Thank you all so very much. I am still clueless and will be doing an acting internship in the MICU and in OB/GYN. There is so much that appeals to me about both. I lean towards OB/GYN because I love surgery, but I love the huge differentials I created while in the ICU, both are fast paced in the decision making and both are incredibly exciting. I think hours and salary are equivocal for both, ultimately I think I am just going to have to decide which I can't live without.
I was a physical therapist before going back to medical school, and I went back to school for the express purpose of becoming a rehab medicine specialist. All that changed when I did my third-year med school rotation in ObGyn. I delivered a few babies in a busy residency program where the residents didn't care what the students did (as long as we did all their paperwork, too). I NEVER looked back. I did three electives in Ob and Gyn in my fourth year of medical school, and now, after 15 years, I am one of those docs who thinks Ob is my "calling". I still love it, and STILL tear up sometimes when handing over that new baby. This specialty needs more people doing it because they love it....because it is Not the kind of thing where we can count on getting rich!!!

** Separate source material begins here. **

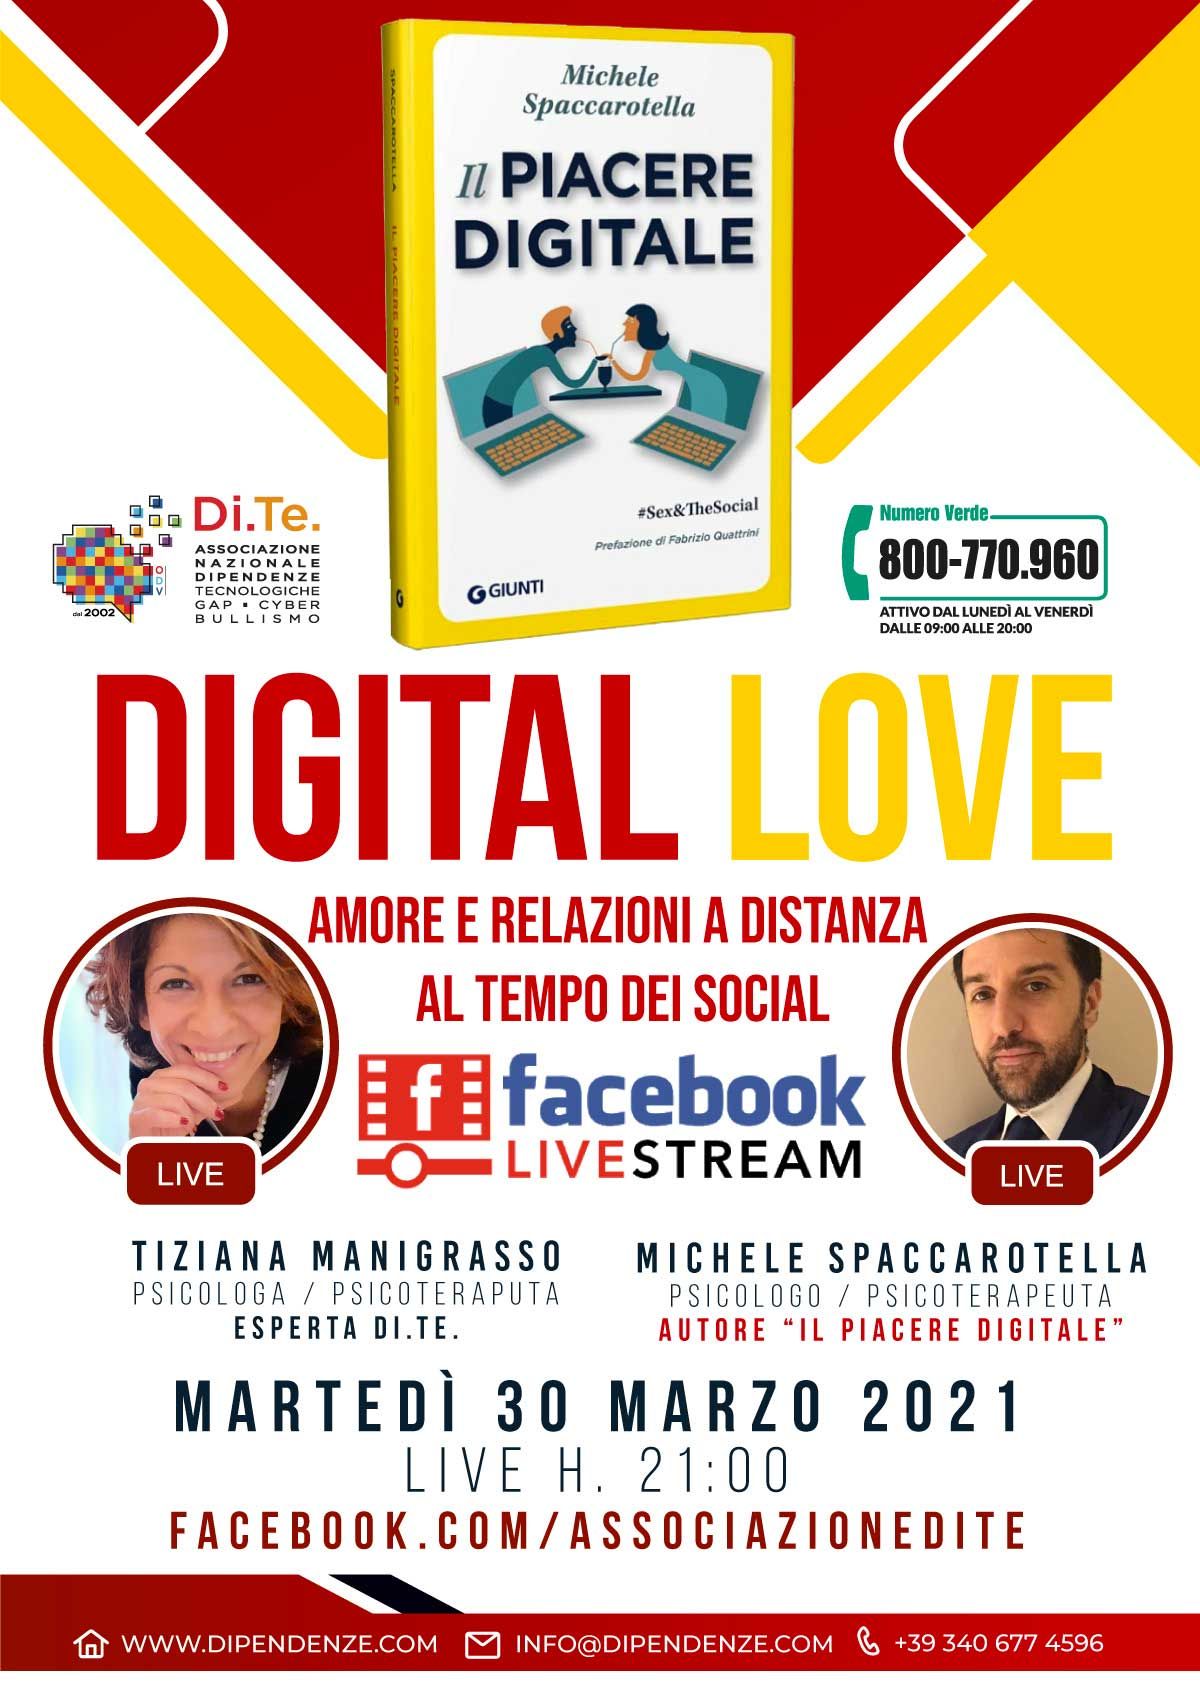 Digital love

I am finishing my third year of private practice in OB-Gyn. I absolutely love what I do and enjoy my practice. I have two young children and have been able to balance my family and practice fairly well. I was scared of ob at first because of the hours, but I fell for the thought that I could make my practice what I wanted. I have learned that is possible, but you may have some heartache in getting htere. I practiced in one location for a year and was unable to find that balance....I was never home and my daughter didnt know her mom. I kept my priorities, realized a change was necessary, and made the move. I joined a new group, making it a group of 6. Call every 6th weekend, and essentially once a week. Post call day off and 3 days of clinic. I deliver about 85% of my patients' babies...those I miss are generally when I am out of town. I am very involved with my family, taking my children to school everyday except my call day and being home by supper almost everyday except call. I have had to maintain my balance and enjoy my job, but it is not always easy. Every so often, I have to do checks and balance to ensure everything is in line...it is easy to slip in prioriteis, as their are always more patients you can see and more you can do at work.....you ahve to find limits....No amount of money or professional satisfaction can replace being a mommy and being there to wake your kiddos up in the morning and to tuck them in a night. I feel I am living the dream most days!
mommyob and rlbobg- do you mind answering some questions, please. how many hours a week do you work?
when you are on call, are you typically up all night, or do you usually get some sleep? I know call nights vary, but what is the norm?
also- what do you do if you are on call at night and a pt needs a c-section... do you have to call another OB?
finally, how many weeks of vacation do you get a year?
I'm a fourth year med student who has been very discouraged by everything I've heard about OBgyn as a specialty, but am surprised to hear some positive input here. I went to med school thinking I would do obgyn and have had a hard time choosing another specialty. would love answers!
Sorry, I am not the individuals you wanted to communicate with, but I'm an ob/gyn and thought i could answer some of your questions if that's okay with you.
Regarding call, most of the time I am up all night. It varies by practice, but even if you aren't up with laboring patients, usually there are ER consults/surgery to do. Or the patient calls that come at all hours, no matter if you are busy doing procedures or not. I also cover clinic/OR the day after call. Call is usually 1:3 but if I am covering for my colleagues (vacations, illlness, etc) there are times when I have been on call for 14 days/nights consecutively.
As for doing c-sections on call, usually the hospital will provide an OR tech who assists, but if the patient is especially large and/or has had numerous prior c-sections, sometimes the FP doc on call (if they have surgical assisting privileges) will help assist. Most of the time I do them myself with the tech assisting.
Vacation is usually worked out with the other docs in your group, typically about 3-4 weeks a year on average. CME sometimes is counted as additional time, about 3-5 days.
Again, every practice is different but this is pretty typical of a moderate sized private practice. If you work with a large multispecialty, academic, or a hospital-baesd group oftentimes your call schedule will be much less frequent, although the compensation is usually less than what you can make in private practice.
Anyway, hope this helps answer some of your questions. This is just my experience so far, you should get some other perspectives for sure!